Thursday, December 3, 2009

Honduras to Obama: Pound Sand

Today the Honduran Parliament voted overwhelmingly not to reinstate Manuel Zelaya to serve the remainder of his term which expires January 27.  In so doing, the legitimate Honduran government sends a resounding rebuke to the Obama administration which supported Zelaya until just last week.

Ed Morrissey has, as usual, the most interesting coverage in his post, Honduran Parliament to Obama: Pound sand at HotAir:

The vote is a slap in the face to the Obama administration, which has insisted that the parliament conducted a coup by removing Zelaya from office. After getting slapped by Congress and its Law Library for misstating the facts of Zelaya’s removal, the State Department reluctantly agreed to recognize the regularly-scheduled Honduran presidential election and let Honduras’ parliament determine Zelaya’s status. The White House publicly expected Honduras to restore Zelaya in some capacity for a short transition period.

However, as statements by MPs on the floor show, Obama and his team miscalculated the depth of the insult felt by Hondurans over the US intervention:

Politician after politician insisted that they were right the first time when they voted to oust Mr Zelaya for ignoring a Supreme Court order to cancel a referendum on changing the constitution. …

“My vote is [a lesson] for anyone who pretends to perpetuate himself in power. My vote is so that my son can look at me and say ‘Dad, you defended democracy,” said Antonio Rivera of Mr Lobo’s conservative National Party.

Now what? The US position had been that Zelaya had to be reinstated, but their shift makes that unclear. Brazil, Venezuela, and Nicaragua won’t recognize the election results. Costa Rica, which tried to reach a negotiated solution that would have put Zelaya back in office but almost powerless, has already announced that they will accept the election results. The US decision will likely signal the rest of the OAS states as to whether a free election should be recognized, or whether the US wants to ignore the will of the people just to score some political points and foist Zelaya onto an unwilling populace.

That’s about as lose-lose as one will see in diplomacy, and it was utterly, utterly avoidable.
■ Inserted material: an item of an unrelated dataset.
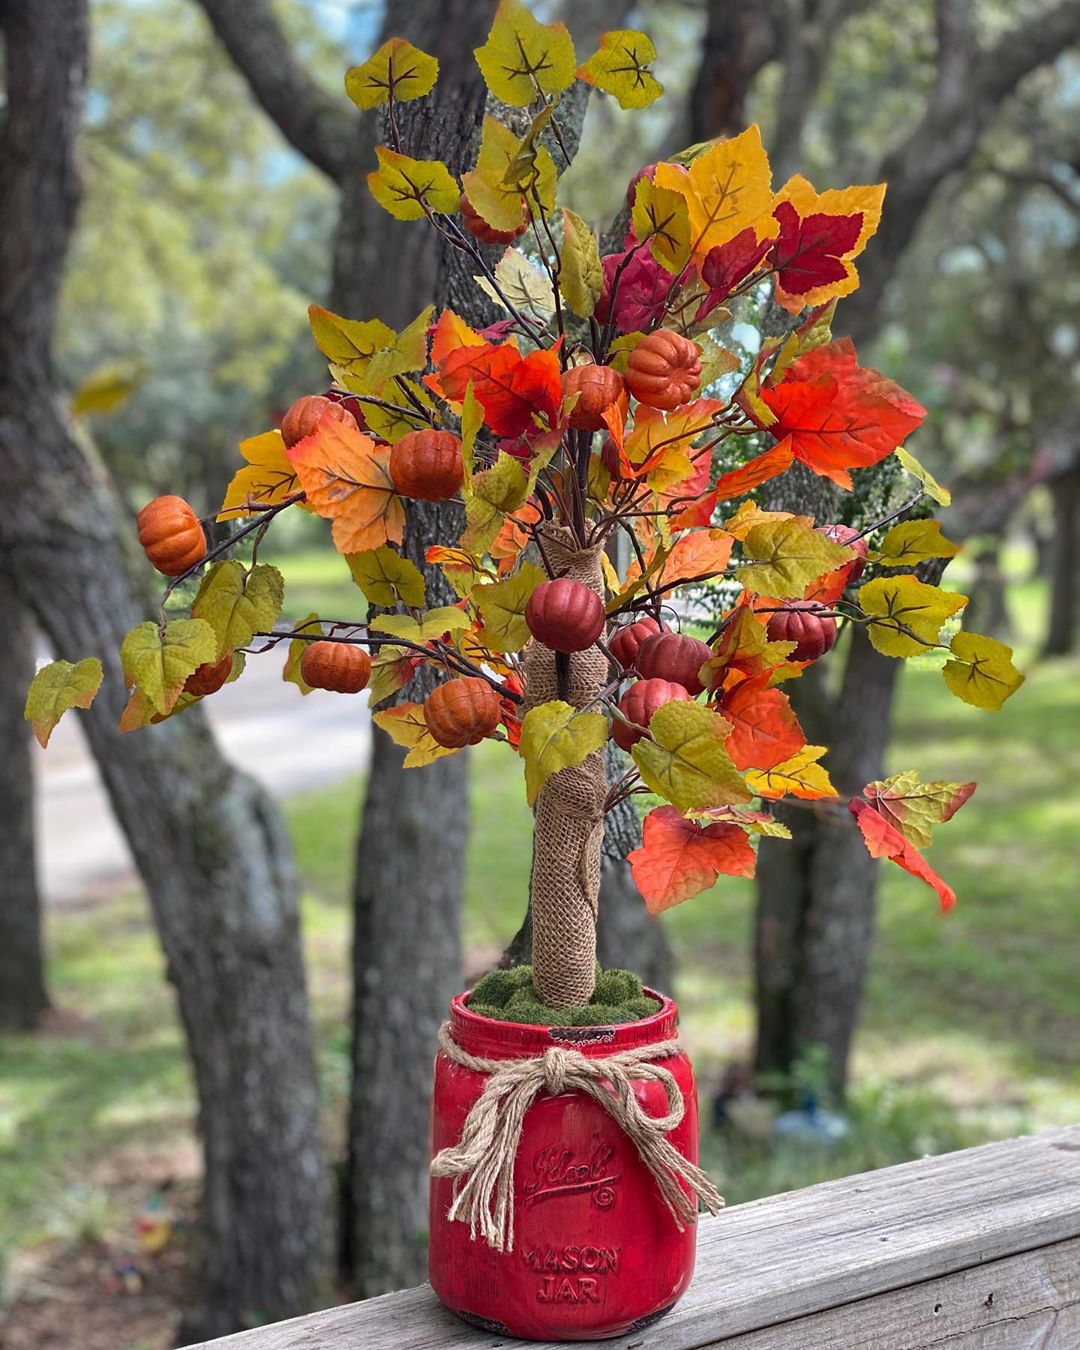 Mini Fall Tree with Pumpkins and Leaves on it. Photo by Instagram user @dreamoakdecor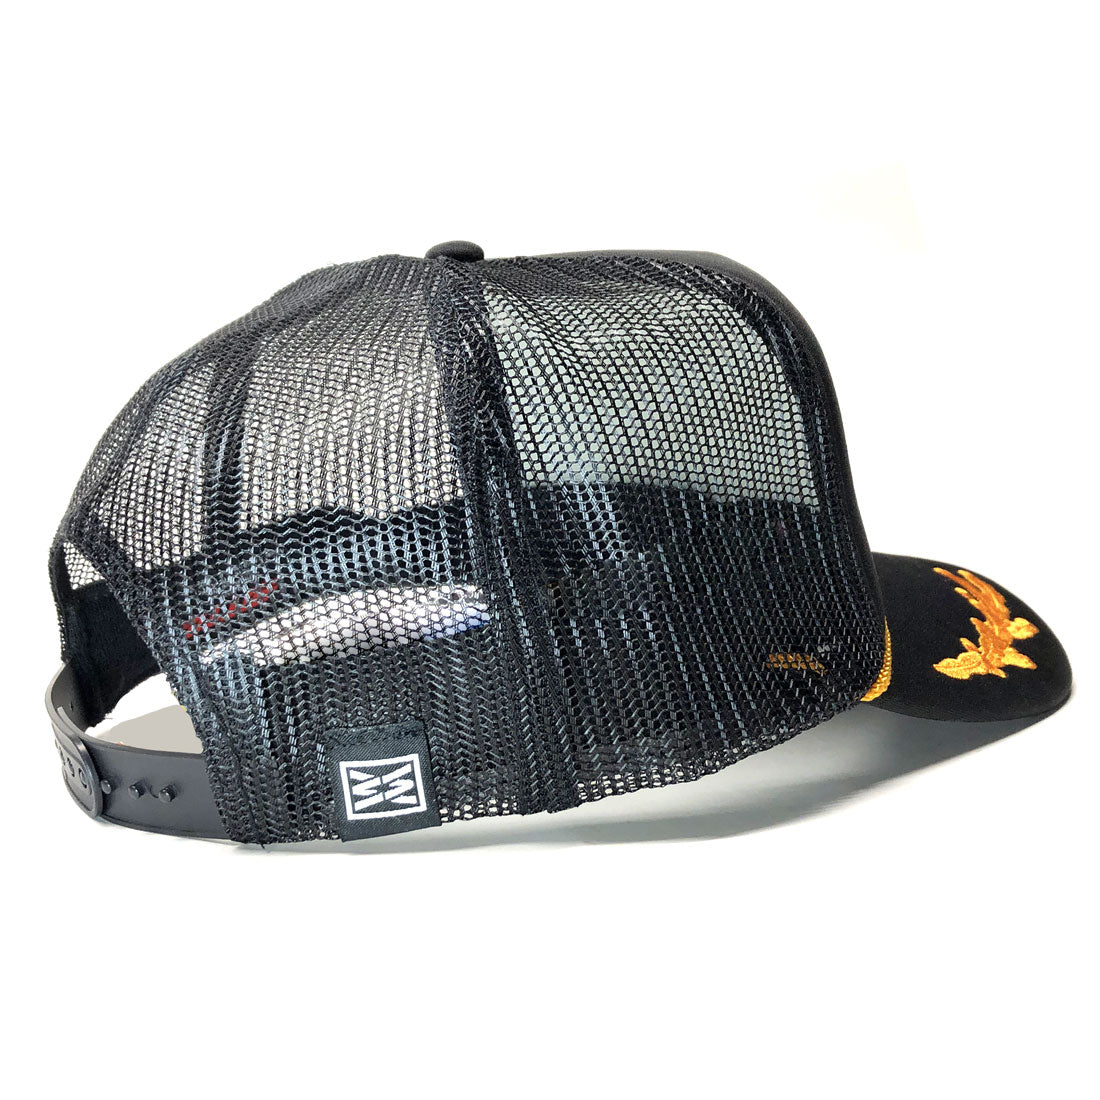 PARALLEL CURVED BILL CAPTAINS TRUCKER HAT IN BLACK

The best thing that Obama can do is to swallow his medicine and learn to shut up. (via Fausta)
When George Bush was our President, the left was constantly critical of his "cowboy diplomacy."  Barack Obama has traveled the globe condemning the arrogance of American foreign policy.  What could possibly be more arrogant that telling one of the poorest democratic republics on earth that they have no right to defend their own constitution against a megalomaniacal leader?  And while we're at it, who truly looks like a phony cowboy?